Performances by Janet Jackson, Liam Gallagher and a commanding, special guest-accompanied headline set by The Killers were among the highlights of a sun-scorched second day at Glastonbury on Saturday (June 29).
Vampire Weekend opened proceedings with a secret show on the Park Stage. The New York band is due to perform again on the Pyramid Stage on Sunday evening, ahead of The Cure, but delighted fans and early risers on Saturday with a surprise 40-minute show that encompassed fan requests (“Cape Cod Kwassa Kwassa” and “Giant” being two), as well as a cover of Fleetwood Mac’s “Everywhere” and Chicago’s “Saturday In The Park.”

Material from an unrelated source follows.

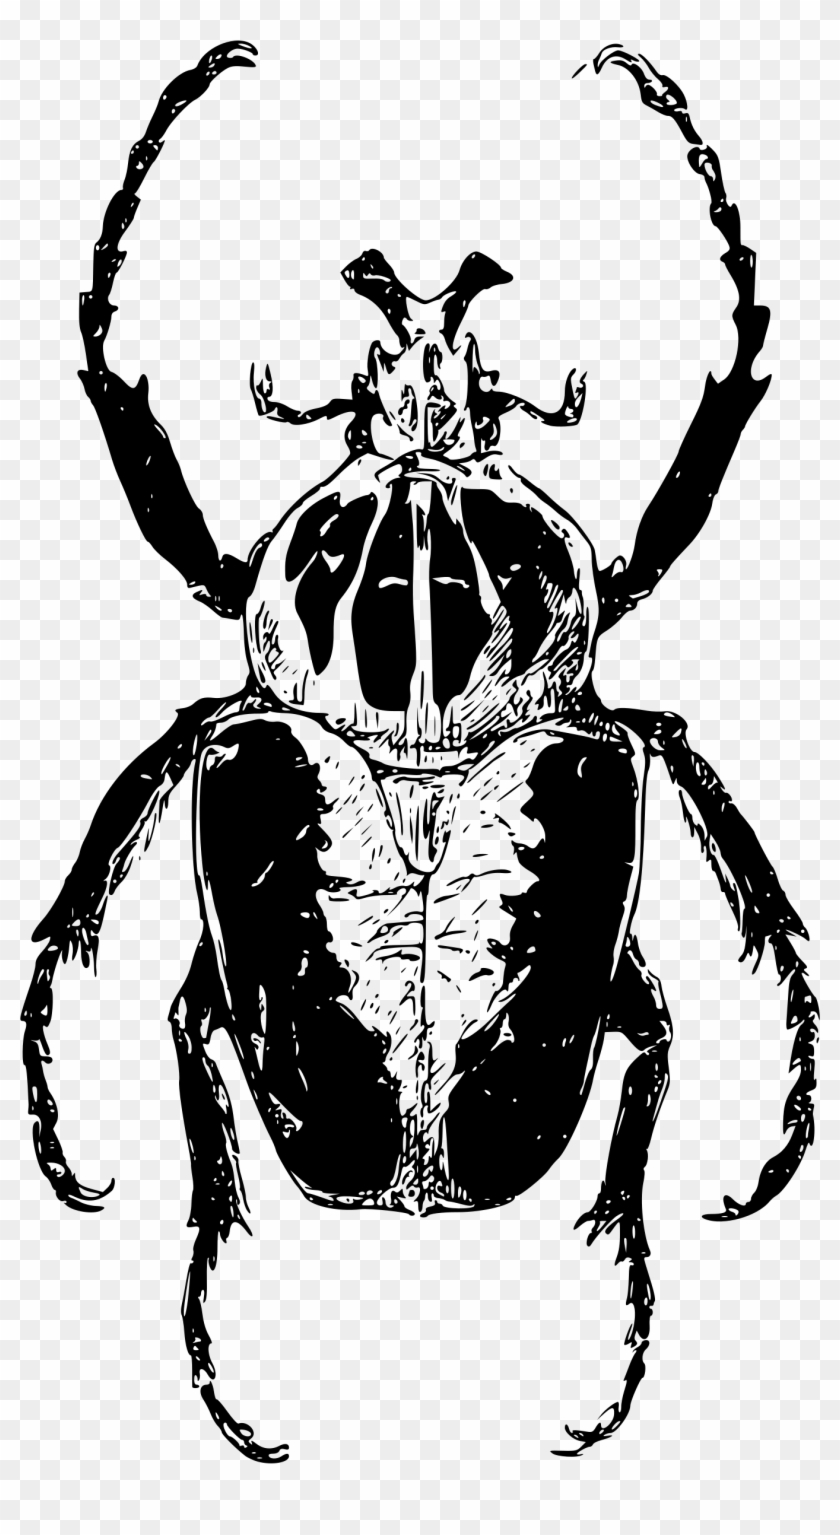 Atlas Beetle - Atlas Beetle Png #852452

Over on the main Pyramid Stage, The Proclaimers brought the first mass singalong of the day with a set closing “I’m Gonna Be (500 Miles)” as temperatures climbed to 30 degrees Celsius, leading to large queues at water refill sites and many people to seek out shade. The sunny weather also led to showers being temporarily turned off in some areas of the festival site as organizers tried to conserve water supplies.

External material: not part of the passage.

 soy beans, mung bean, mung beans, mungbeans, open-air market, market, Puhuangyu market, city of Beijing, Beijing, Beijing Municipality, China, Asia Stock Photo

Carrie Underwood followed The Proclaimers with a lively and well-received (if quite sparsely attended) run through her back catalog.
In contrast, Scottish singer songwriter Gerry cinnamon drew a huge crowd to a packed out John Peel Stage for his early afternoon set despite him, so far, having had little attention from the mainstream media.
One bonafide superstar whose presence on the bill raised a few eyebrows when it was first announced several months ago is Janet Jackson, a far bigger star in her American homeland than she has ever been in the U.K. who probably didn’t endear herself to the Glastonbury faithful when her team infamously doctored the official line-up poster.
Taking to the Pyramid Stage just before 6 p.m. wearing a heavy black bodysuit and trademark headset mic, the 53-year-old delivered a meticulously rehearsed greatest hits set that was full of energy and tightly choreographed dance routines, but failed to ever really connect with the audience.
Poor sound didn’t help matters, with Jackson’s voice buried so low in the mix she was often hard to hear over her backing musicians, leading a number of audience members and at-home viewers to take to social media and accuse the singer of lip-syncing.
“Glastonbury, thank you. It’s all about love. We need more love,” she said at the end of a set that promised much, yet ultimately delivered little.
Highlighting just how varied this year’s line-up is, former Oasis frontman Liam Gallagher was next to take to the stage. Opening with “Rock’n’Roll Star”, the singer was in a characteristically combative, sneering mood. He labeled his older brother, Noel, “a little fart” and belted out Oasis classics “Columbia,” “Slide Away,” “Roll With It” and “(What’s The Story) Morning Glory” with just the right mix of anger, swagger, passion and heart.
As to be expected, his solo material received a less-enthusiastic response from the large crowd, a great many of which would not have been born when Oasis began. A closing run of “Cigarettes & Alcohol,” “Wonderwall,” “Supersonic” and a stirring, stripped down “Champagne Supernova” — dedicated to the late Prodigy singer Keith Flint — changed that as the murmurs grew into giant communal singalongs backed by a chorus of thousands.
Closing the Pyramid Stage, The Killers wasted little time in getting what felt like the biggest audience of the day onside, and began with the powerful double punch of “Jenny Was A Friend Of Mine” and “Somebody Told Me.”
Headlining Glastonbury for the second time, the band went on to perform a triumphant two-hour set with frontman Brandon Flowers, decked out in shiny blue suit, in imperious form, constantly interacting with the crowd, straddling monitors and stirring fans on.
“At the end of this show, I don’t want anyone to say, ‘They got away with it.’ I want people to look up to this stage and say, ‘Those are the sons of bitches who did it,” he declared near the start, setting out his stall.
A procession of pyrotechnic fireworks and confetti cannons complimented the hit-filled set that included “All These Things That I Have Done,” “When You Were Young,” “Shot At The Night” and “A Dustland Fairytale,” which Flowers dedicates to his late mother, among many rousing highlights.
Just in case anyone is left in doubt of The Killers’ headline credentials, the encore saw them joined by the Pet Shop Boys for a cover of Elvis’ “Always On My Mind” and Johnny Marr for a memorable version of Smiths’ classic “This Charming Man.” “Mr. Brightside” closed the night in victorious fashion.
Glastonbury concludes Sunday (June 30) with performances by The Cure, Vampire Weekend, Miley Cyrus, Kylie Minogue, Billie Eilish and Christine and the Queens.